Two children share pastel building bricks at a low wood table during social skills training autism work in soft daylight
Two children sharing a project, reading each other in real time. That is the bidirectional skill the named curricula were always trying to scaffold.

A clinician I know, who runs an early-intervention practice, told me about an intake meeting she had not long ago. The parents had just been handed a four-year-old's diagnosis and were already asking which social skills training autism program to enrol him in. She told them, kindly, that the honest answer was: it depends, the evidence is real but smaller than the marketing implies, and the next conversation should probably not be about a curriculum at all.

Here is a number that should be more famous than it is. A 2020 meta-analysis of 18 randomised controlled trials, with 1,266 autistic participants, found that social skills training for autistic learners produced an overall effect size of g = 0.83 — what statisticians call medium-to-large. That is a real result. It is also the high end of the range. A 2025 children-specific meta-analysis of 17 RCTs in the Saudi Medical Journal put the effect somewhere between 0.28 and 0.60, with the strongest gains in social communication, reciprocity, and joint attention. Both are correct. Both are talking about real children. The fact that the two numbers are so different is most of what you need to know before you choose what to do next.

Most articles about social skills training for autistic children are written as if the question is which five-step plan to follow. This one is not. The boring version of this piece, which I will repeat at the end, is roughly: the evidence supports specific named programs, in specific age ranges, for specific goals, as one part of a wider plan — and almost everything else is marketing.

The double empathy problem, before anything else

Before you spend any money or time on a curriculum, it helps to know that the framing of the whole field has shifted under it. For roughly thirty years, social skills training was built on the assumption that an autistic child was the party who needed to learn the rules. The clinical term was "social skills deficit." Most of the older literature still reads that way.

That assumption has been quietly demolished by a line of research starting with Damian Milton in 2012 and Sasson and Morrison's 2019 work, which found something inconvenient. When autistic adults talk to other autistic adults, they share information about as fluently as non-autistic adults talk to other non-autistic adults. The breakdown is between groups, not inside one of them. This is the double empathy problem: the misunderstanding is bidirectional, not a unilateral autistic deficit. Researchers call it a problem; in practice it is a correction.

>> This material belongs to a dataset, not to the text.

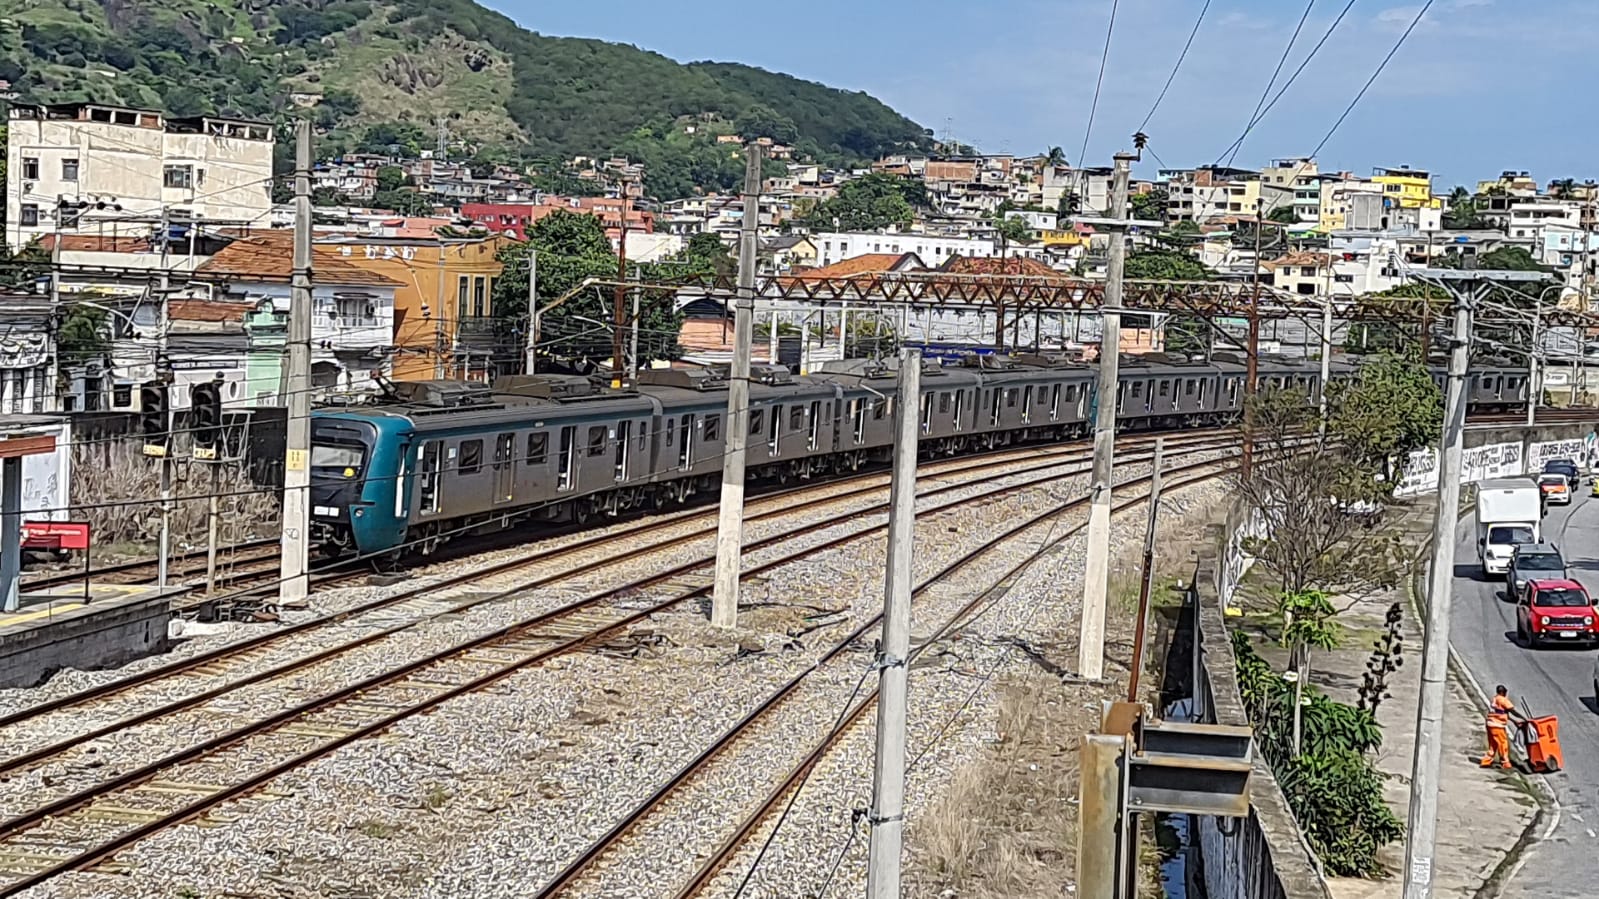 Passageiros da Supervia andam pela linha férrea na estação Quintino após pane em composição

This matters for two reasons. First, it changes which goals are reasonable. "Help my child read autism social cues from non-autistic peers" is a defensible goal. "Train my child to mask until they look non-autistic" is not, and a growing share of clinicians will say so to your face. Second, it changes who the work is for. If the misunderstanding is mutual, then teachers, classmates, and adults need some of the same scaffolding the child does. Almost no commercial program prices this in.

The programs you'll hear about

Most of the noise in this niche is generated by maybe a dozen named approaches. The 2025 narrative review in Translational Pediatrics categorised 21 distinct interventions into four evidence tiers and concluded that only two categories — CBT-based programs and naturalistic interventions — had substantial supporting evidence. The list below is the practical subset, in the order you are most likely to encounter them.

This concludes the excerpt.